#### REQUIRED WORK:
Repeat exactly the stretch of lines that starts with the one containing "Bruno Gambone ceramic" and ends with the last line of the material. Leave out pictures.

#### DATASET EXCERPT:
========

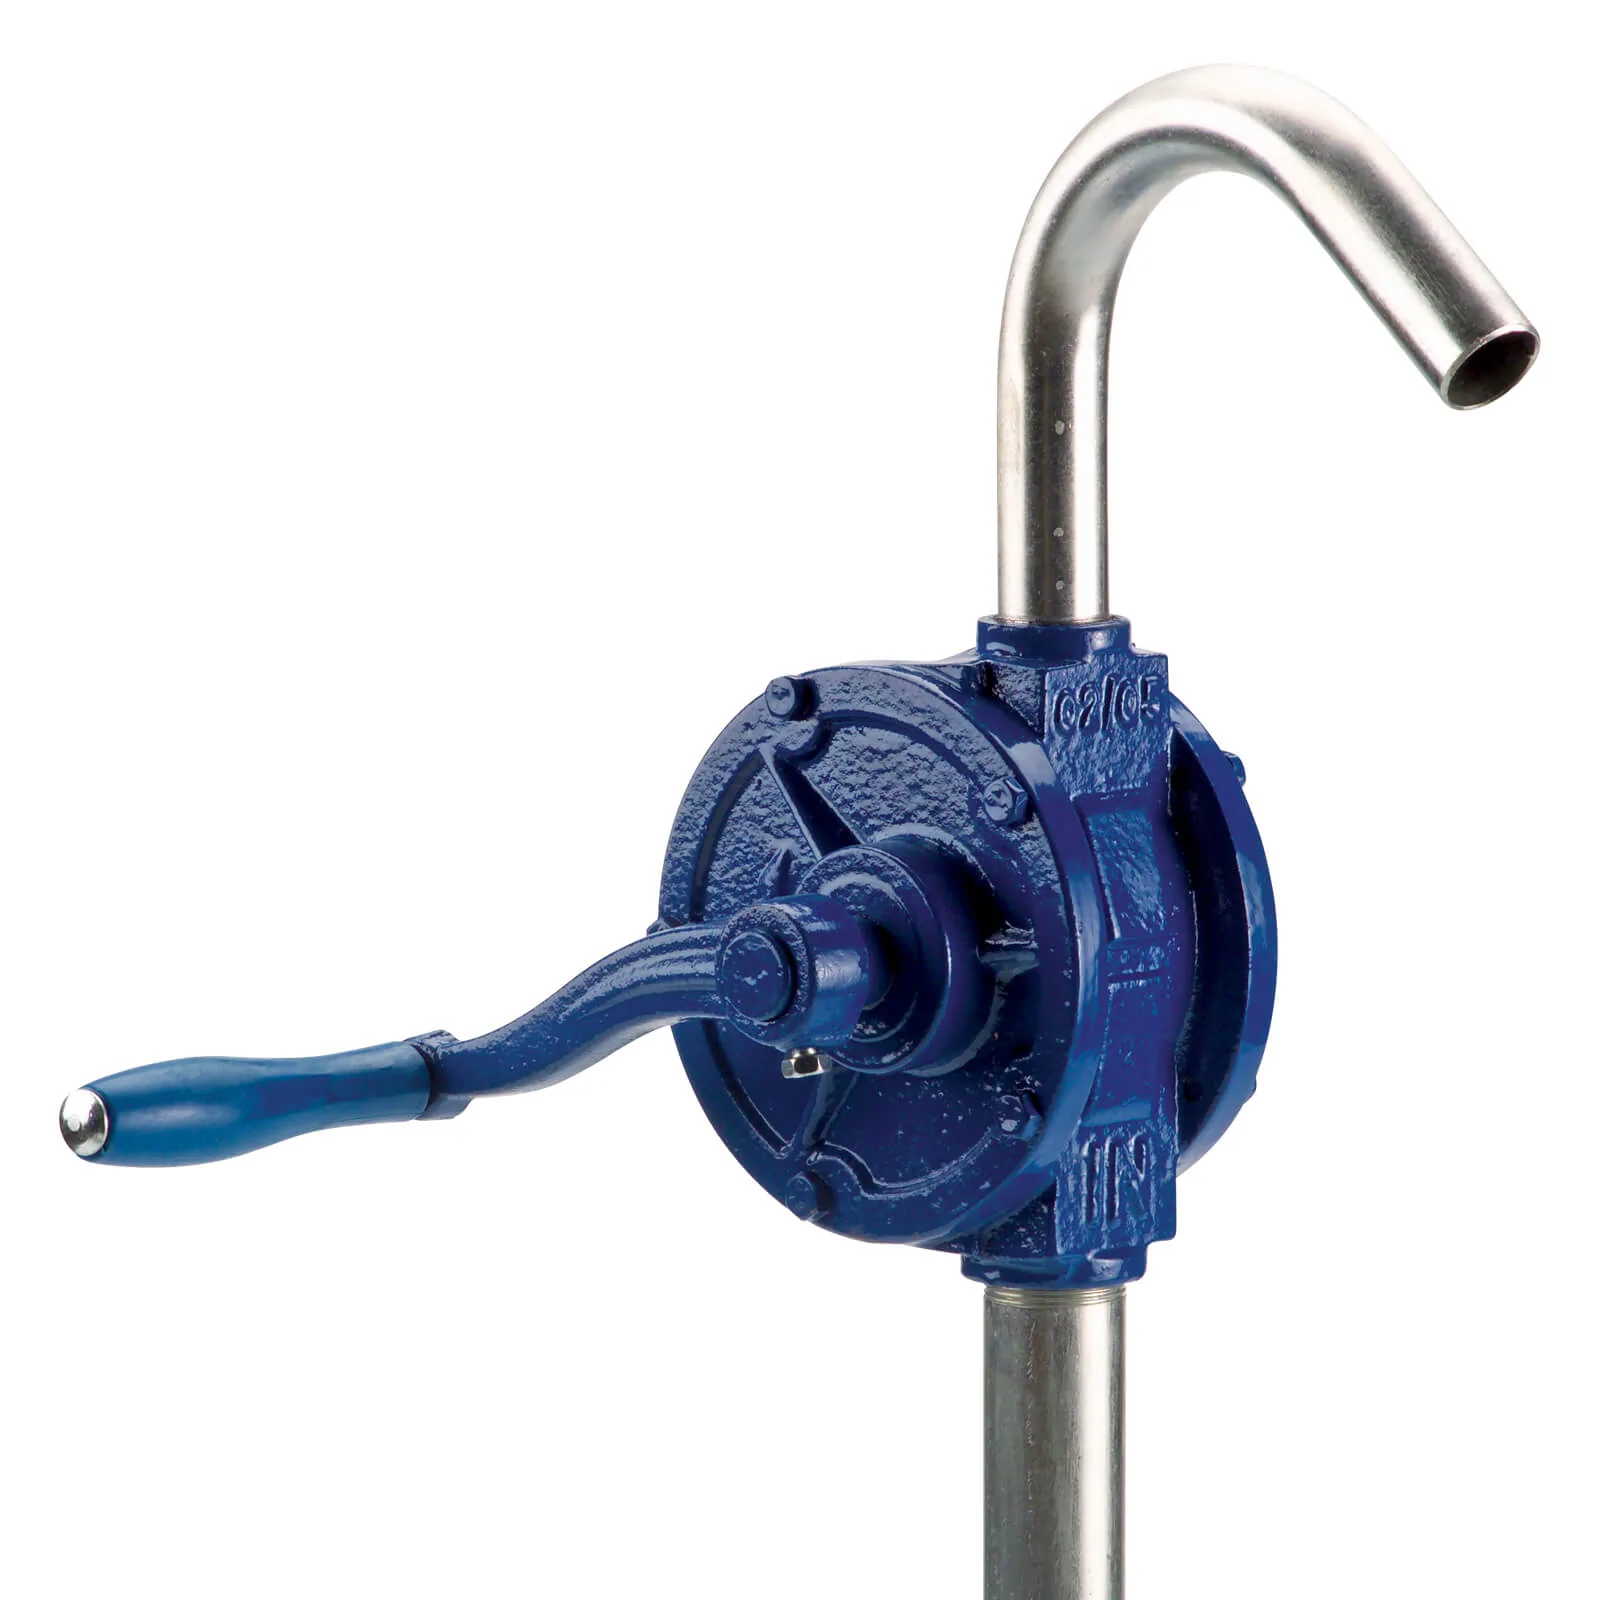 Model: RP-5 - Rotary Hand Pump
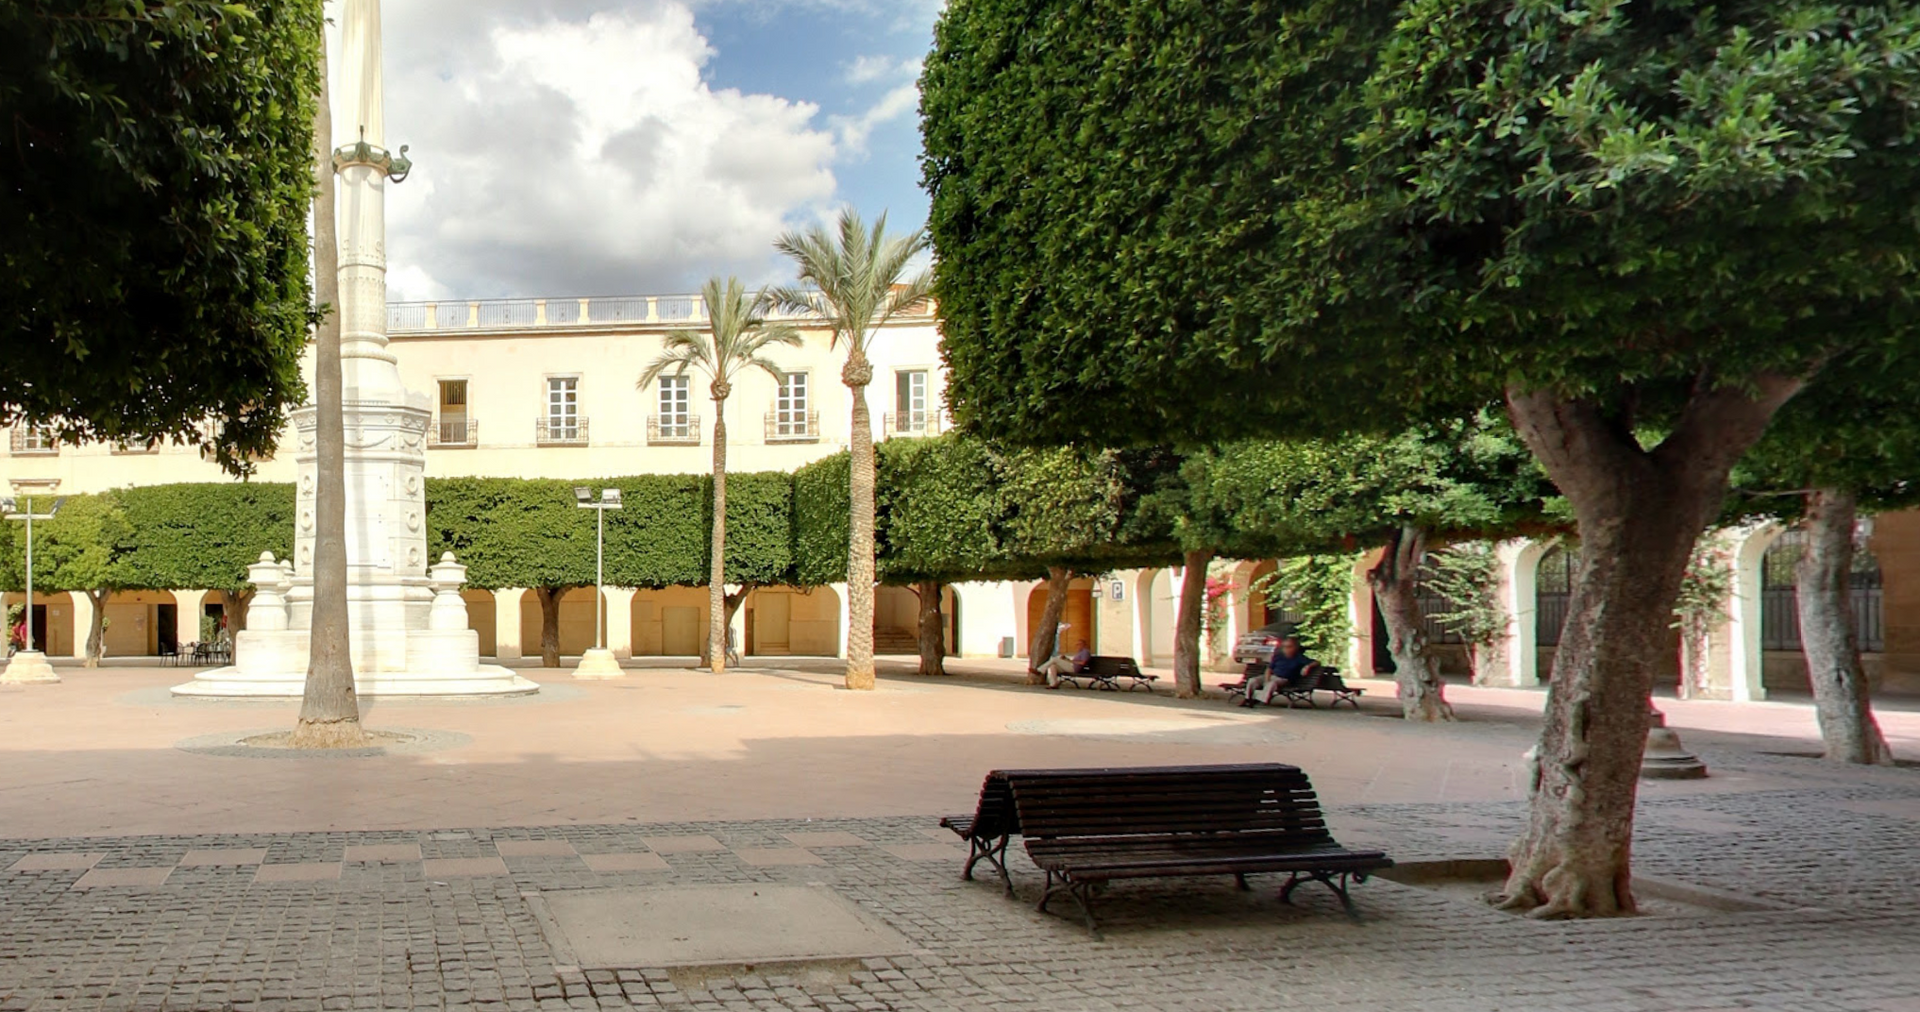 Heritage Interpretation Center of Almeria by Google Earth
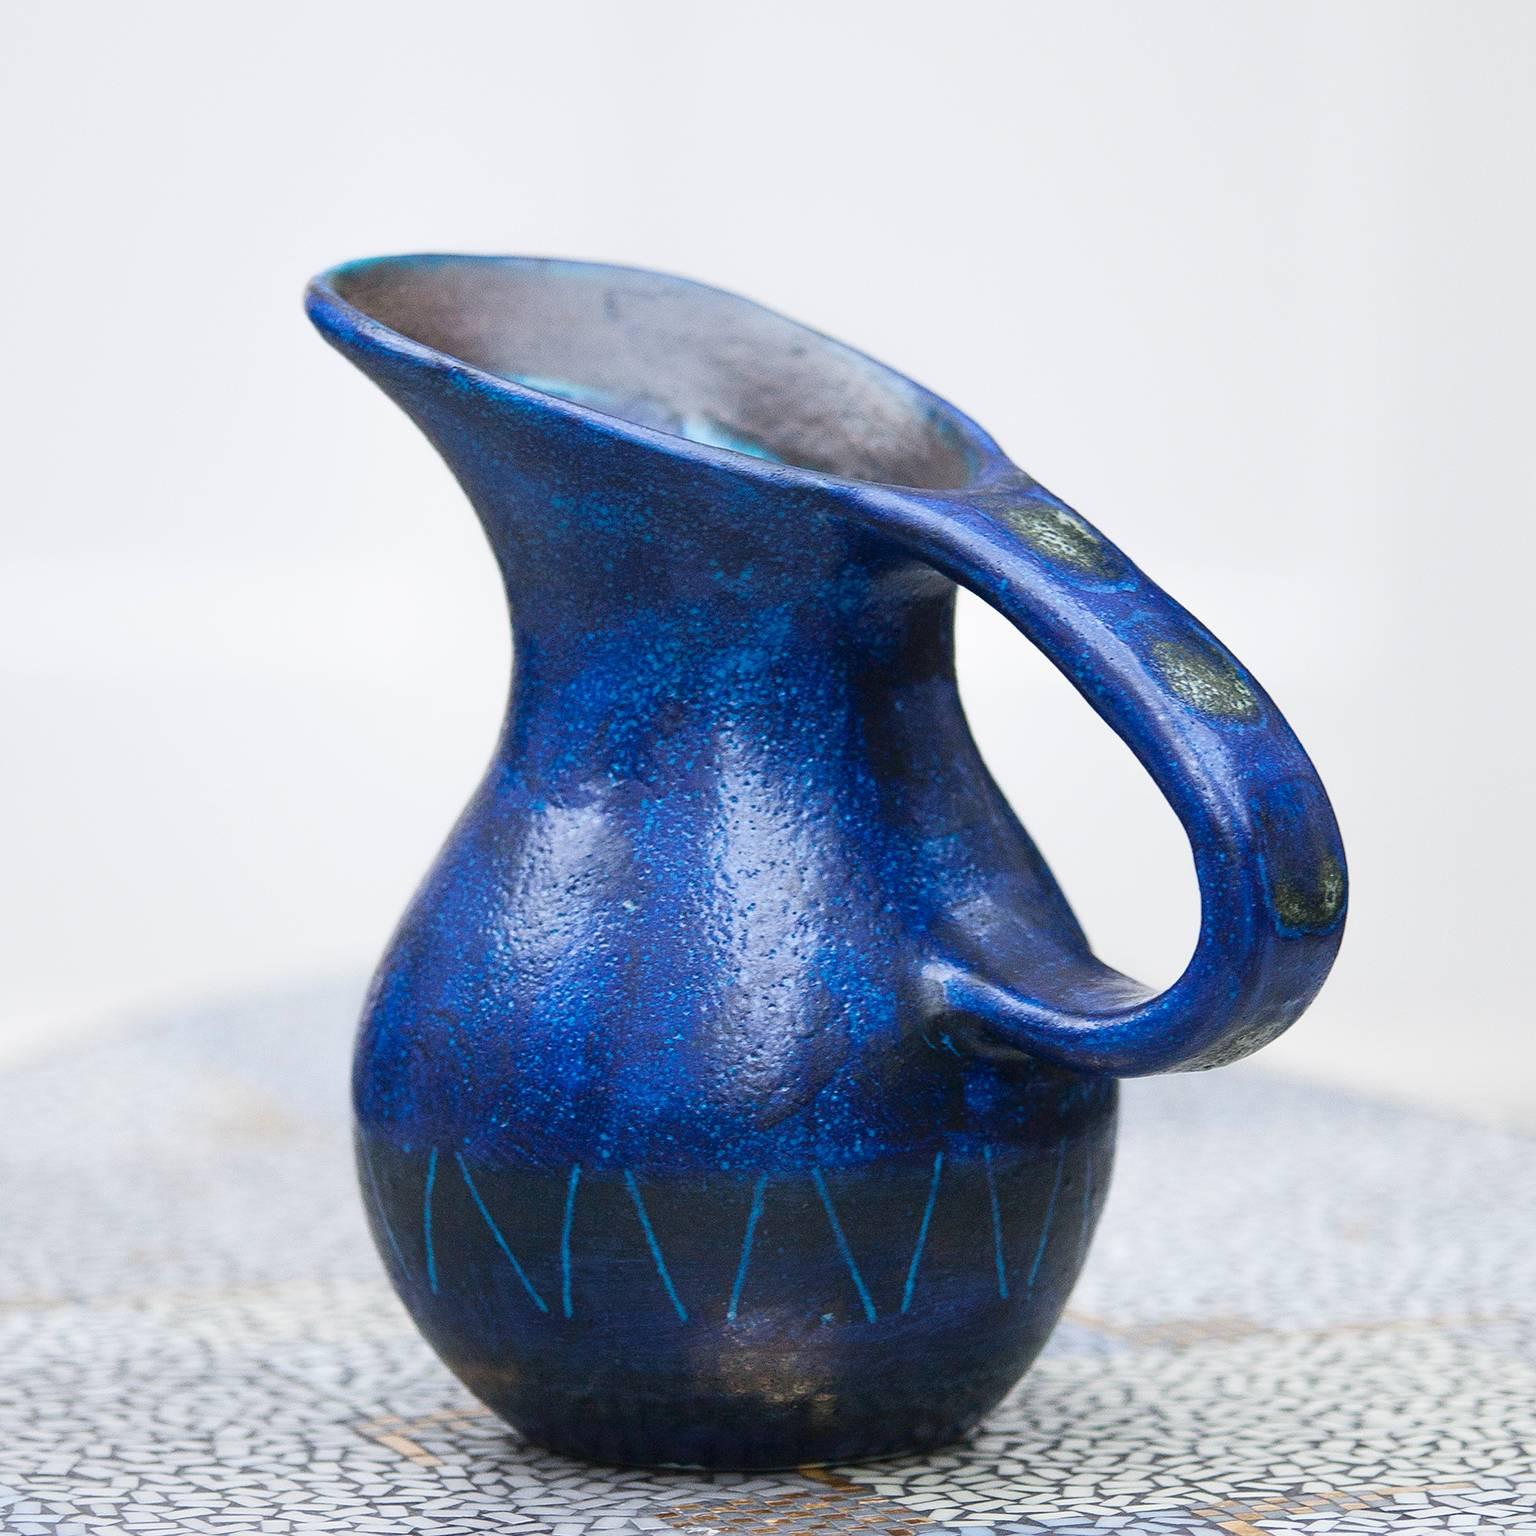 Bruno Gambone ceramic pitcher in blue glazed ceramic, Italy from 1958.
Measures: H 23 x B 22 x D 15 cm.

========

#### RESULT FOR THIS EXERCISE:
 Bruno Gambone ceramic pitcher in blue glazed ceramic, Italy from 1958.
Measures: H 23 x B 22 x D 15 cm.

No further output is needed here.